Work to complete.
Pictures aside, repeat the listing below exactly.

Given information.
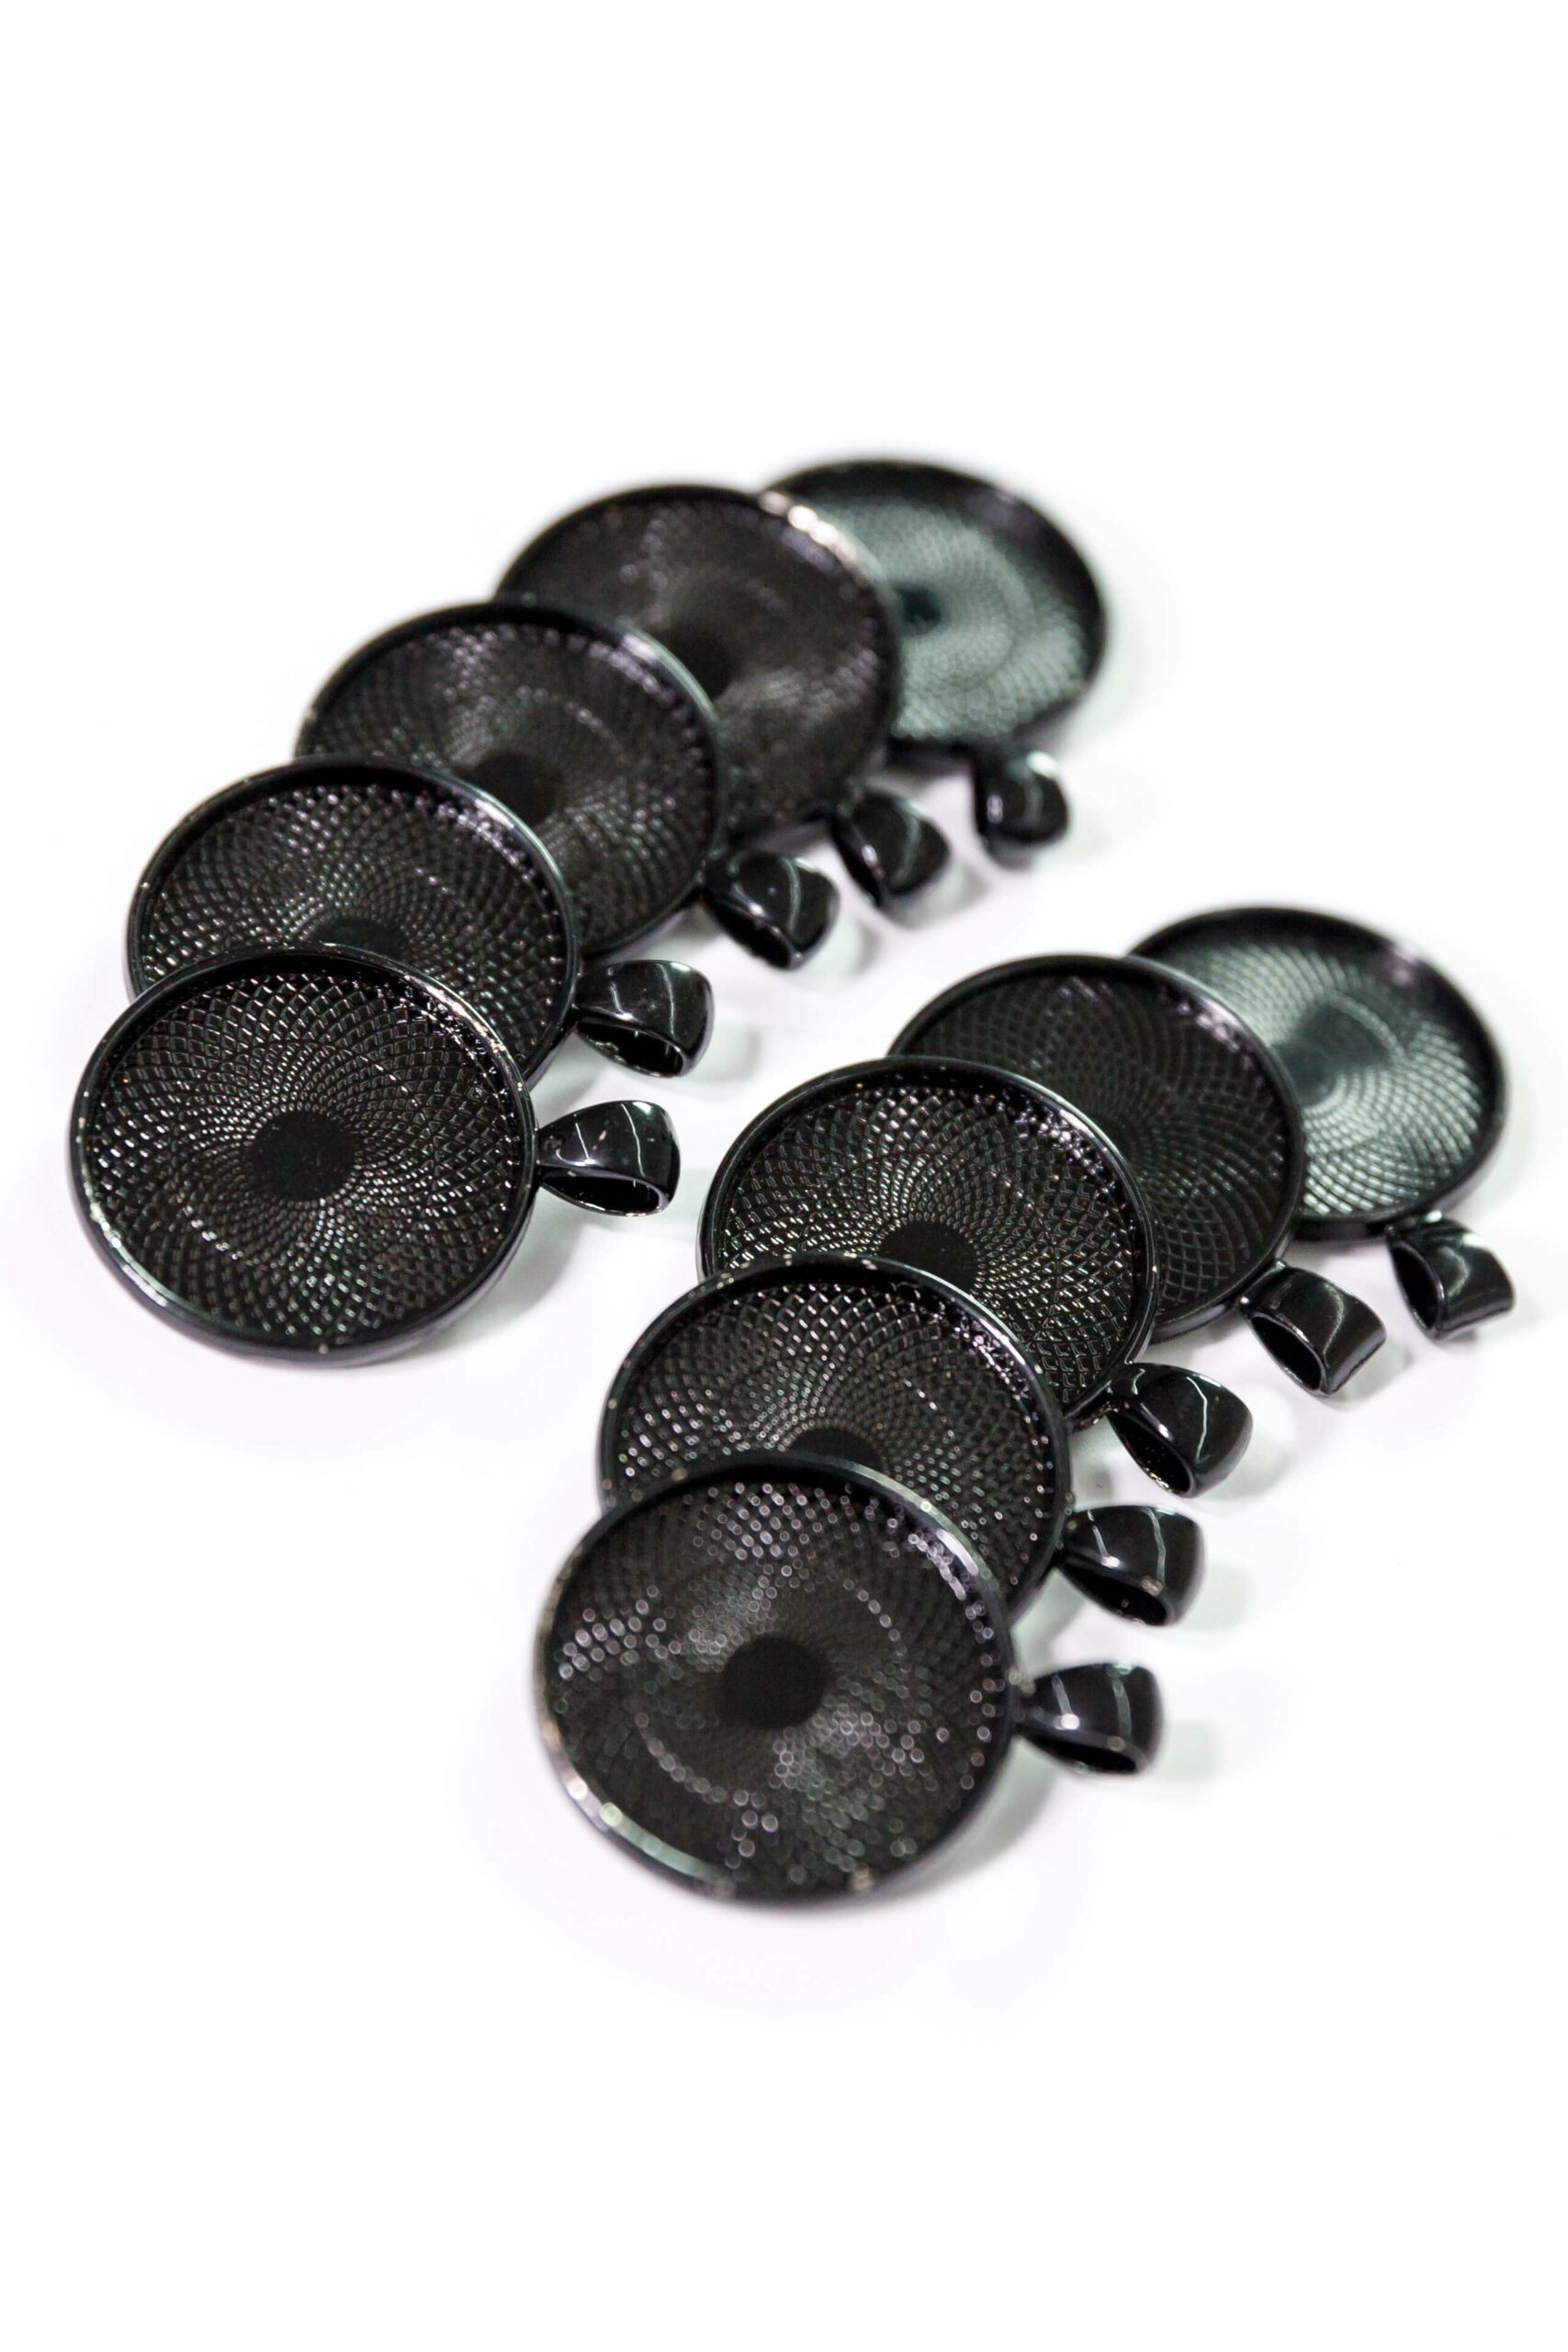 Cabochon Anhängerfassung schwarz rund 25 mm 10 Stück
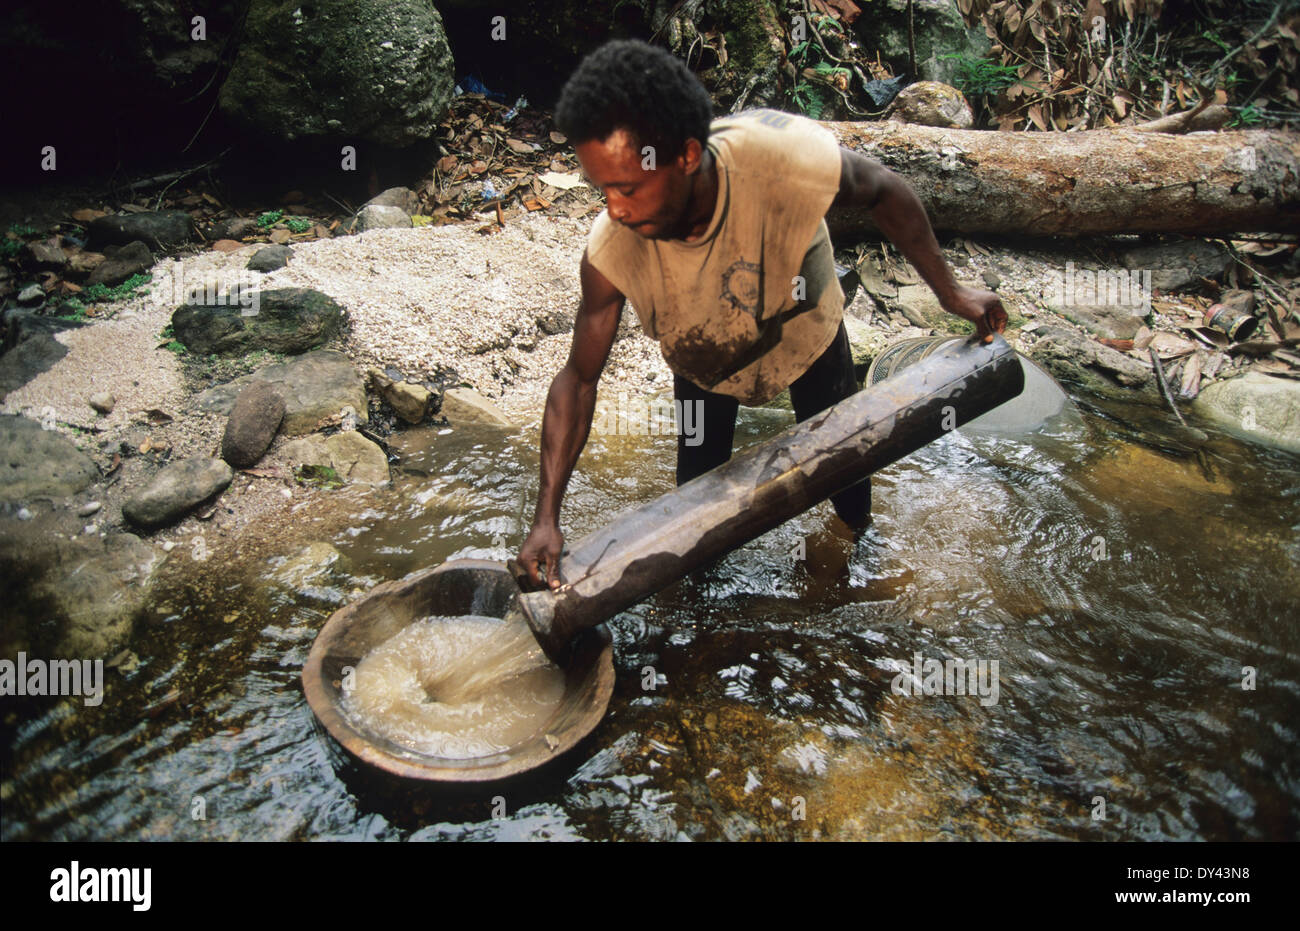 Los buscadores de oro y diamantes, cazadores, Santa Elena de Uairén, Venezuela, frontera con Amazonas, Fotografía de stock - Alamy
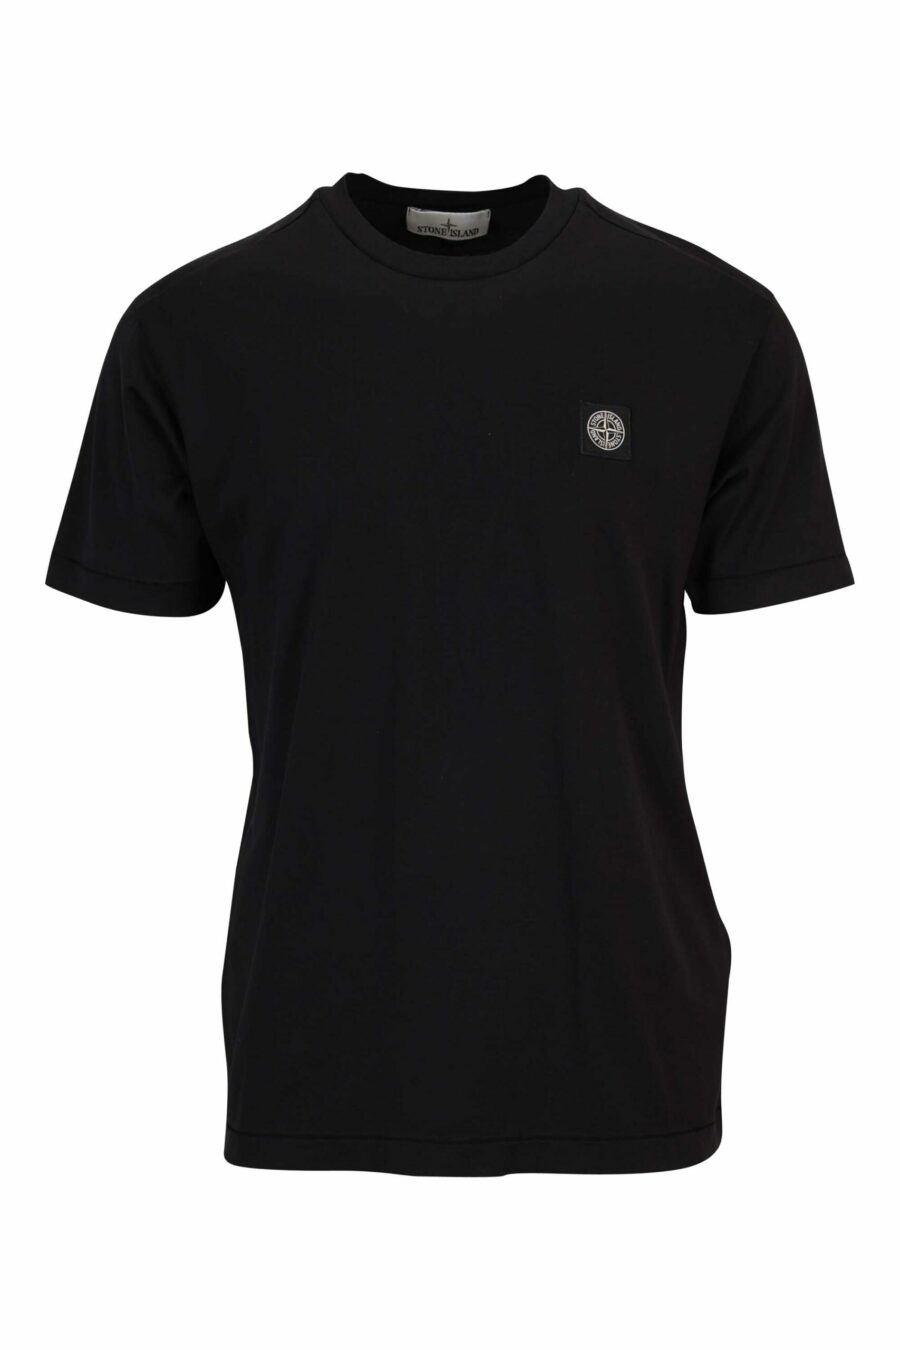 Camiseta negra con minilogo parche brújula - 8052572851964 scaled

Answer space.
 Cabochon Anhängerfassung schwarz rund 25 mm 10 Stück
 Los buscadores de oro y diamantes, cazadores, Santa Elena de Uairén, Venezuela, frontera con Amazonas, Fotografía de stock - Alamy
 Camiseta negra con minilogo parche brújula - 8052572851964 scaled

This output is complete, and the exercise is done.